Следующие несколько дней Ги пребывал в относительном покое и даже понемногу работал над рассказами. Волосы у него продолжали выпадать, но он отнёсся к этому философски. Хотя Флобер и стал бы рычать на него, он надеялся, что когда-нибудь, став писателем, освободится от работы в министерстве. Да и Флобер обещал добиться перемены в его участи.
Но прошла весна, наступило лето, а от Барду не было никаких новостей. Флобер жил в Круассе. Он приглашал Ги приехать, но денег на дорогу у молодого человека не было, да и сам Флобер жил небогато. Казалось, они постепенно отдаляются друг от друга. В порыве отчаяния Ги написал ему, что обстановка в министерстве становится невыносимой и что он болен. Флобер ответил суровым письмом, предостерегающим от «чрезмерного количества шлюх» и побуждающим работать.

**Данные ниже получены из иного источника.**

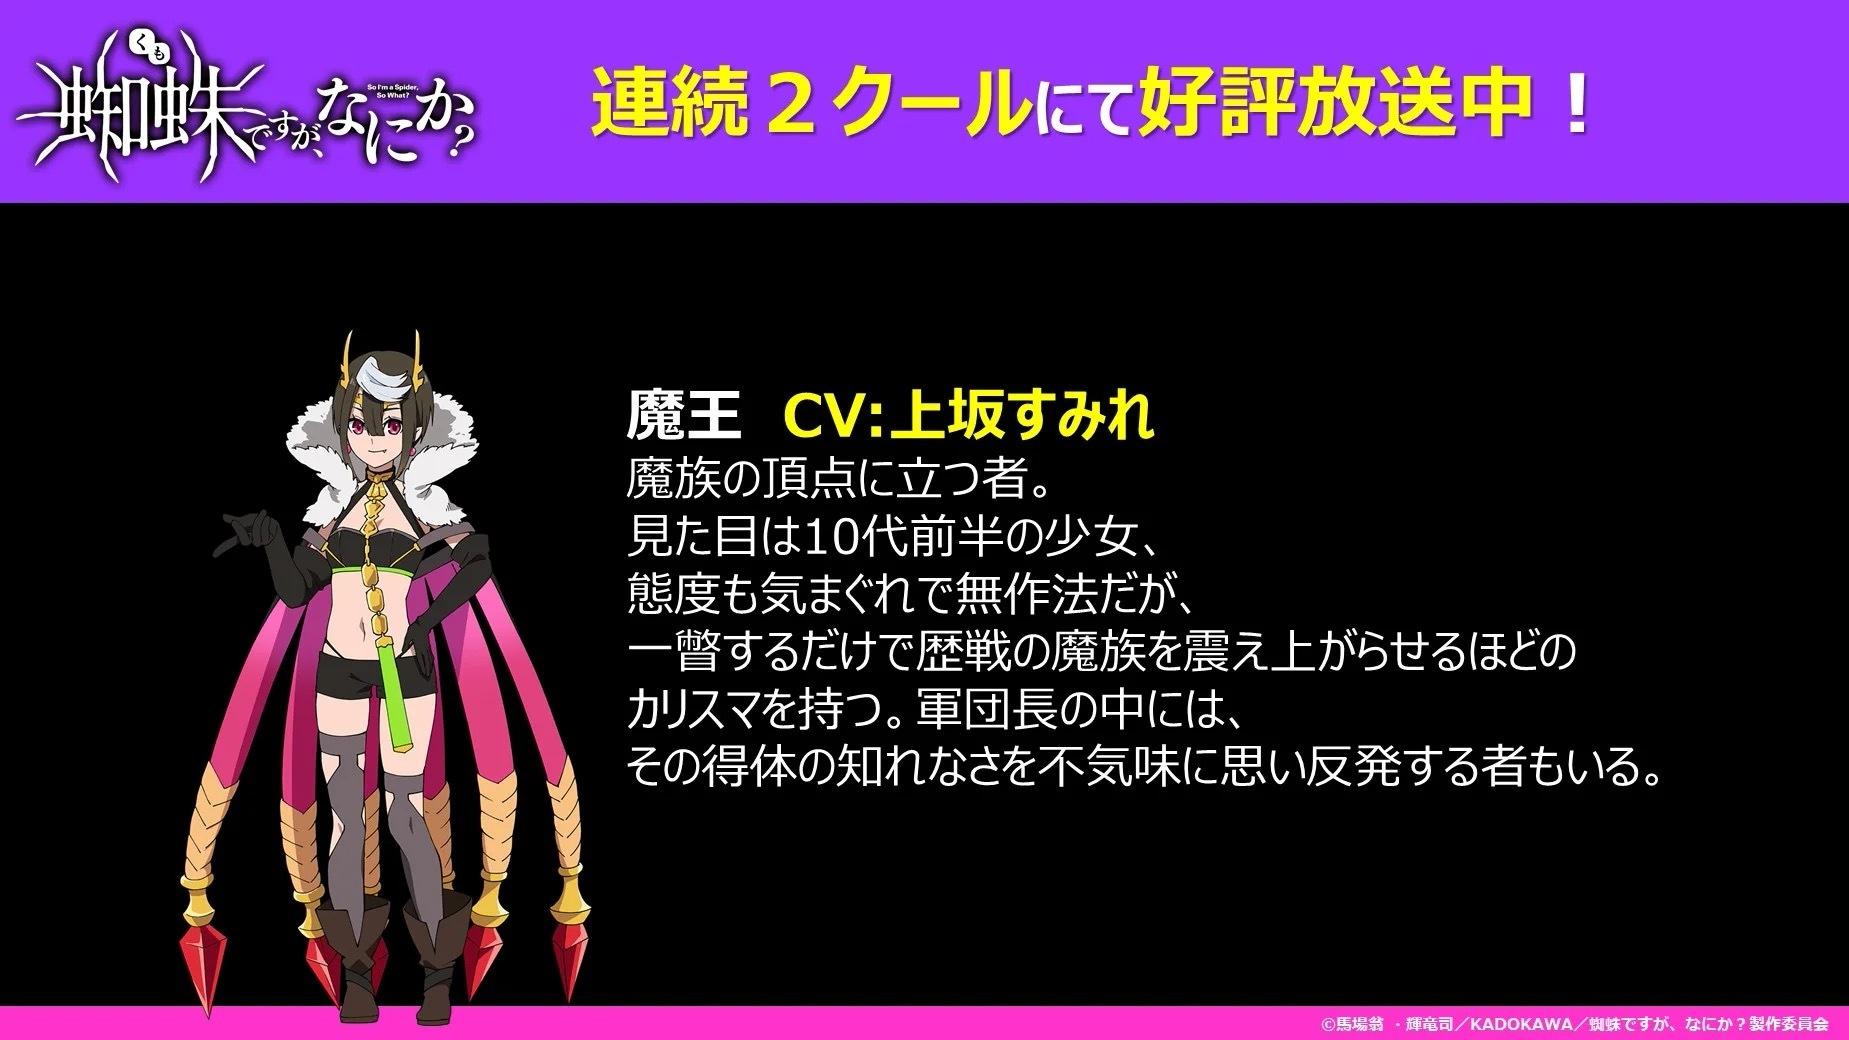 【资讯】TV动画《转生成蜘蛛又怎样!》追加角色和声优。(2月12-小柚妹站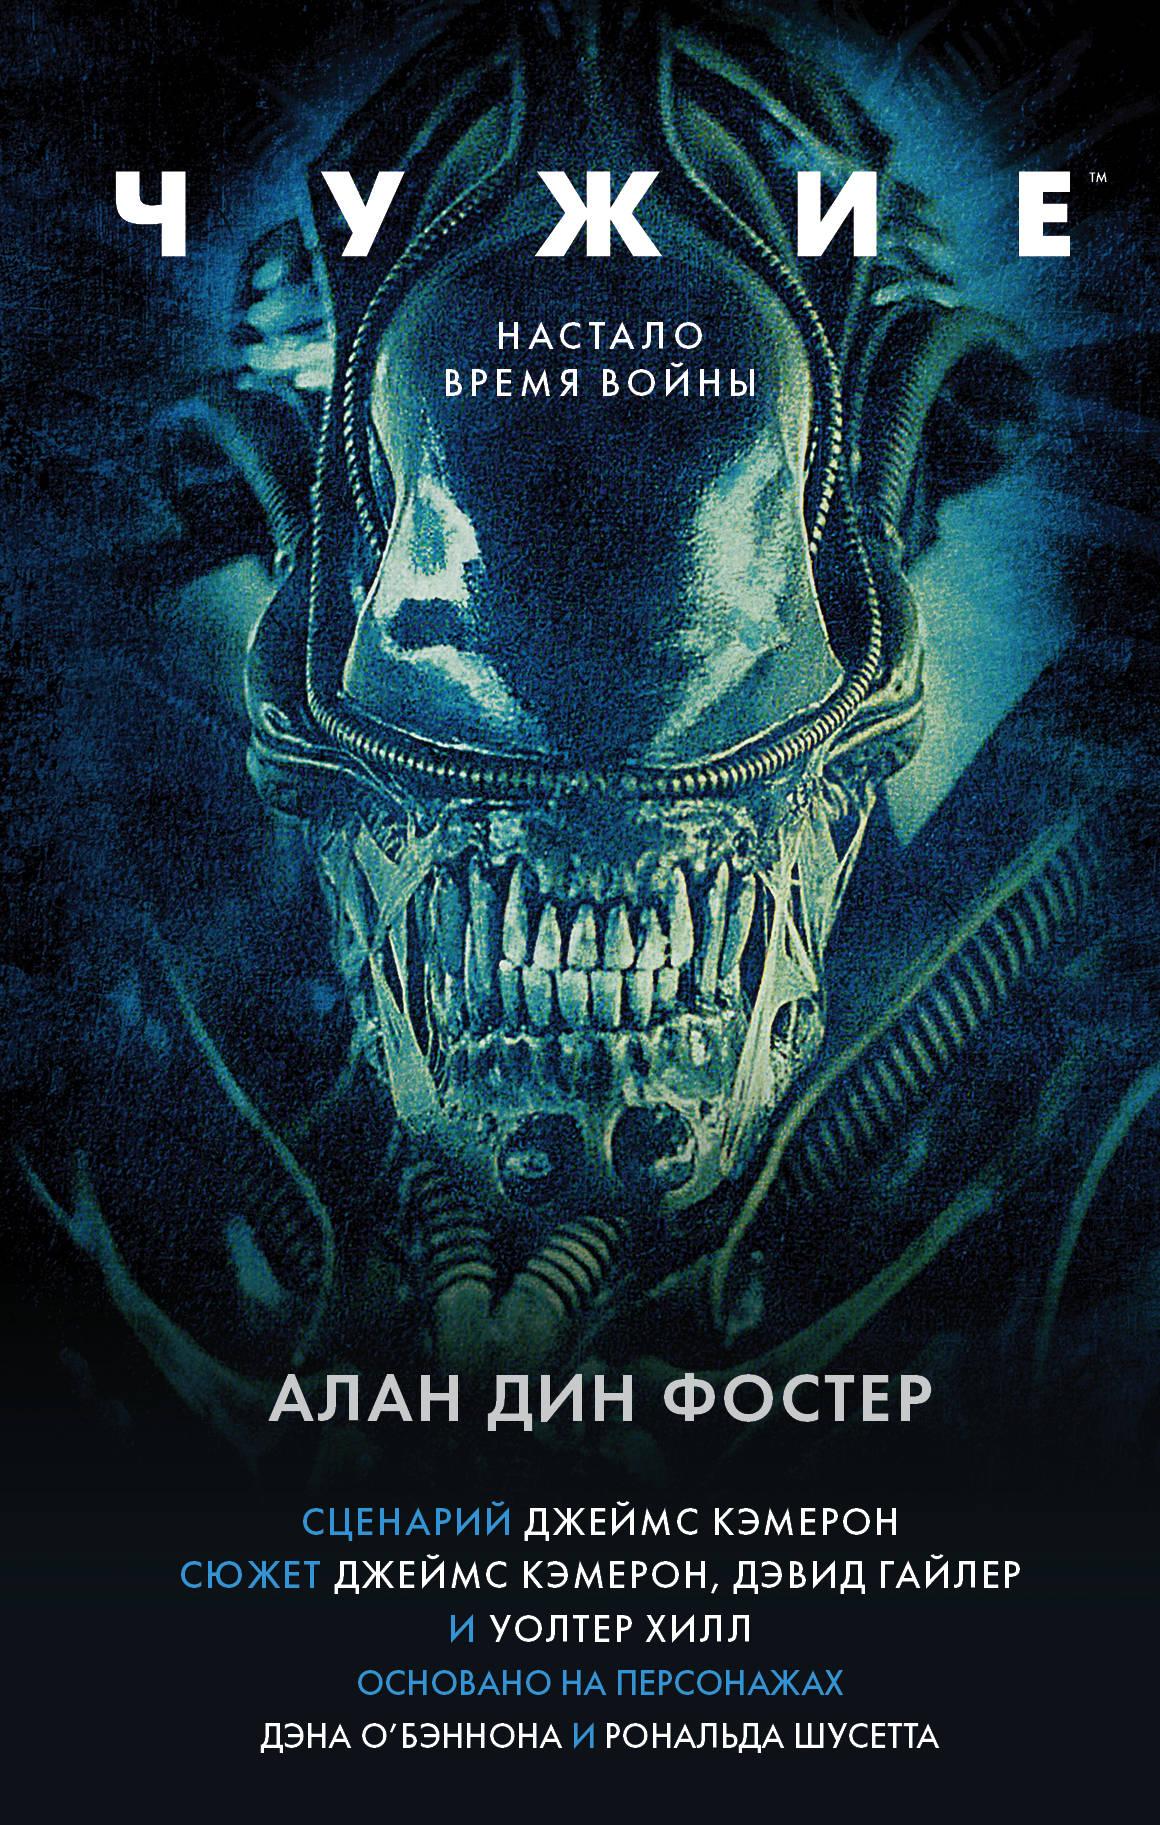 Алан Дин Фостер — Чужие (1986)

Потом, как обычно, дела наладились. Волосы у него перестали выпадать. Он написал Флоберу: «Врачи решили, что сифилиса у меня нет». А на другое утро пришло письмо от Барду. Ги был зачислен в его кабинет.
— Марселла! — крикнул он, размахивая письмом. — Флобер всё устроил. Я служу в министерстве народного образования! Марселла...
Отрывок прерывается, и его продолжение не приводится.